Within days, Twitter disabled the @joinantifa account.
In February, Rahuba created the Twitter account Left Behind USA. He wrote on the account that his name was Alan Jeffs, a pseudonym that he also used on other accounts. Rahuba later told The Post he came up with the name while watching a documentary about Warren Jeffs, the president of the Fundamentalist Church of Jesus Christ of Latter-day Saints who was convicted of child sexual assault.
The Christian Science Monitor and a student newspaper at the University of Southern California's Annenberg School for Communication and Journalism quoted Alan Jeffs in the spring, noting his frequent tweets in support of Sanders on a Twitter account called @BernieOrElse.
Rahuba also raised money on GoFundMe, where he identified himself as Alan Jeffs in May and said that he posted as @Left Behind USA and @BernieOrElse. "For over a year now, I've been unable to work due to intensive therapy after a suicide attempt," he wrote. He said he needed money for a new car to help rebuild his life. Donors gave him $560.
Rahuba told The Post that most of the money was used to license graphics from a stock website for use on his next hoax in Gettysburg. In June, he set up a Facebook page called Left Behind USA and began promoting the Independence Day flag burning event.
Rahuba also set up an Internet-based phone number and published it on his Left Behind USA account, knowing he would be inundated with angry calls. He gave The Post access to the hundreds of voice mails he received in the weeks before the Gettysburg event.
"Y'all going to get to real . . . surprised in Gettysburg," one caller said. "I cannot wait to participate, you n------loving f---s," one said.
Another caller said he hoped the event would result in a mass shooting. "I hope someone shoots every one of you motherf-----s. I pray to God in heaven for someone to shoot everyone involved in that event," the person said.
A Facebook page called Central PA Antifa denounced the event as fake. Rahuba's Facebook and Twitter accounts were shut down a week before the protest, but many militia members and biker groups pledged to go nonetheless to guard the cemetery and a monument honoring Confederate Gen. Robert E. Lee.

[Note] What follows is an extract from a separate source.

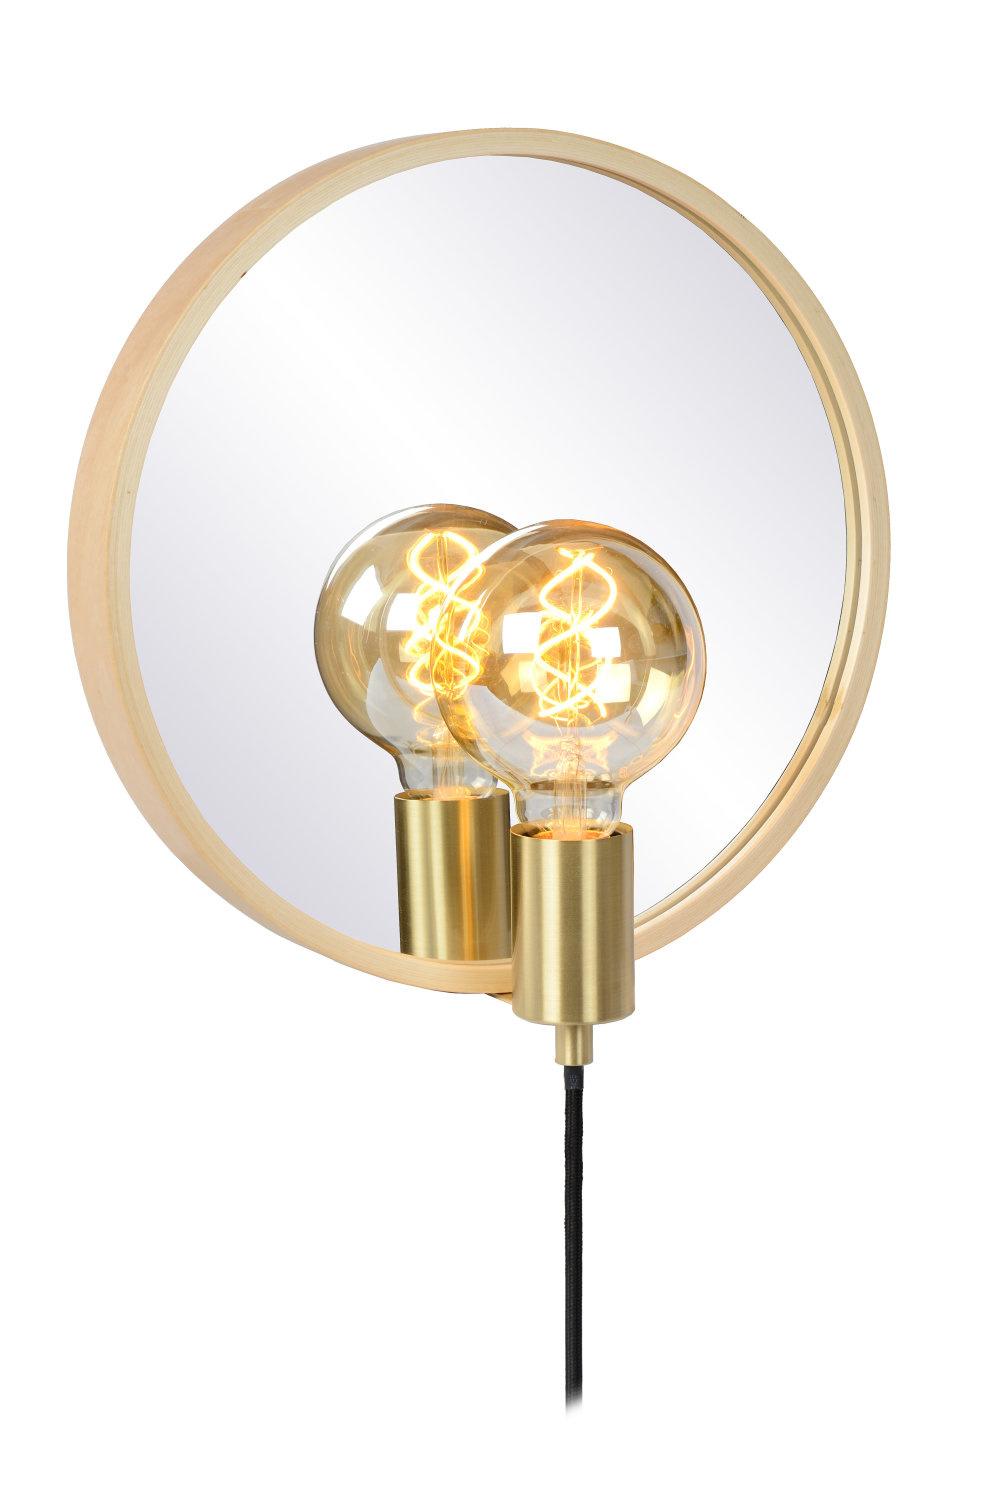 Lucide REFLEX Spiegellamp-Licht .-1xE27-25W-Hout

A local middle school was transformed into a makeshift command center to help coordinate the 16 federal and local law enforcement agencies monitoring the event. The state provided 100 Pennsylvania State troopers to assist, including mounted officers and a helicopter, according to Gettysburg city manager Charles Gable.
"What we were left with was a threat and with such we would be negligent if we didn't address it. We had to spend the resources that we spent," Gable said.
Numerous militia members at the park told The Post they felt their presence had scared off actual antifa flag burners.
Rahuba said that after his Left Behind USA accounts were shut down, he assumed that the event would fizzle. That weekend, he said, he went camping with his girlfriend.
The Washington Post’s Alice Crites contributed to this report.